Voilà le commentaire que j'en faisais dans Traditions n° 14 (juin 2017). Je me permets de le citer ici :
"La découverte fortuite, dans les archives de lord Bathurst, de la copie des notes du futur Mémorial de Sainte-Hélène confisquées en 1816 par Hudson Lowe est indiscutablement une nouvelle importante du point de vue scientifique et la Fondation Napoléon ne peut qu’être félicitée pour ce brillant résultat. Cependant, ces notes, pour l’essentiel prises sur le vif et mises une première fois en forme durant les mornes journées de Sainte-Hélène, ne sont pas le Mémorial lui-même. Car, après avoir récupéré son précieux matériau après la mort de l’Empereur, le comte de Las Cases a fait son travail d’écrivain. Il a fait le tri dans ses notes, les a recoupées en consultant d’anciens dignitaires de l’Empire et en les comparant avec les ouvrages déjà publiés, en faisant des choix et en enrichissant son travail de nouvelles informations et de nouvelles citations.

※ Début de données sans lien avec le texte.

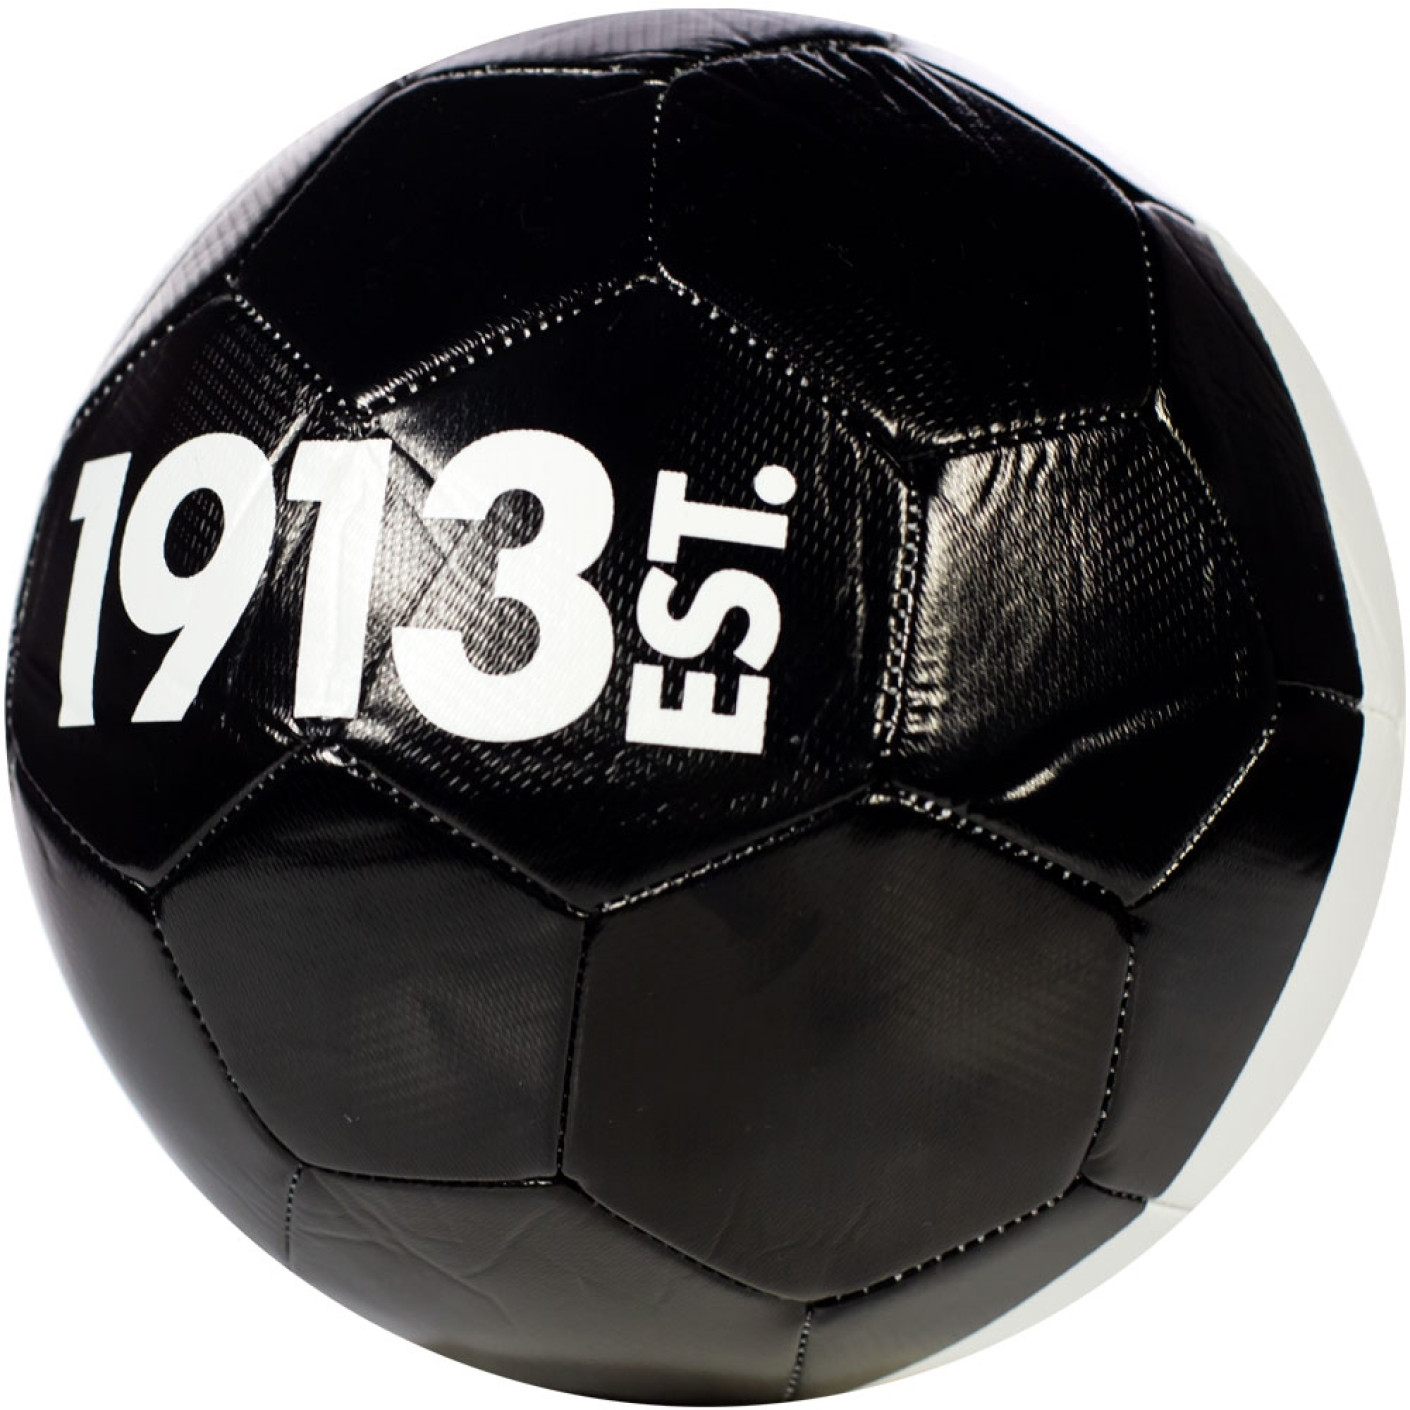 1913 bal zwart-wit

Quel que soit le résultat, et quoi qu’on puisse en penser, l’ouvrage finalement publié — et il fut un immense succès d’édition qui a largement contribué à redonner sa popularité à l’Empereur déchu — est l’oeuvre elle-même. Bien sûr qu’elle n’est pas exempte de défauts ! Trop rapidement publiée, elle a conservé la forme discutable d’une succession discontinue de moments de la vie à Sainte-Hélène et d’anecdotes sur la vie et l’oeuvre de l’Empereur. Mettant en scène Napoléon, elle ne pouvait s’empêcher d’idéaliser son parcours, allant jusqu’à livrer maintes citations qui ont rapidement fait le tour du monde napoléonien. Sans doute aussi insiste-t-elle un peu trop sur la proximité de Las Cases et de son fils avec l’Empereur… contribuant à faire de l’auteur du Mémorial une sorte de héros de second plan.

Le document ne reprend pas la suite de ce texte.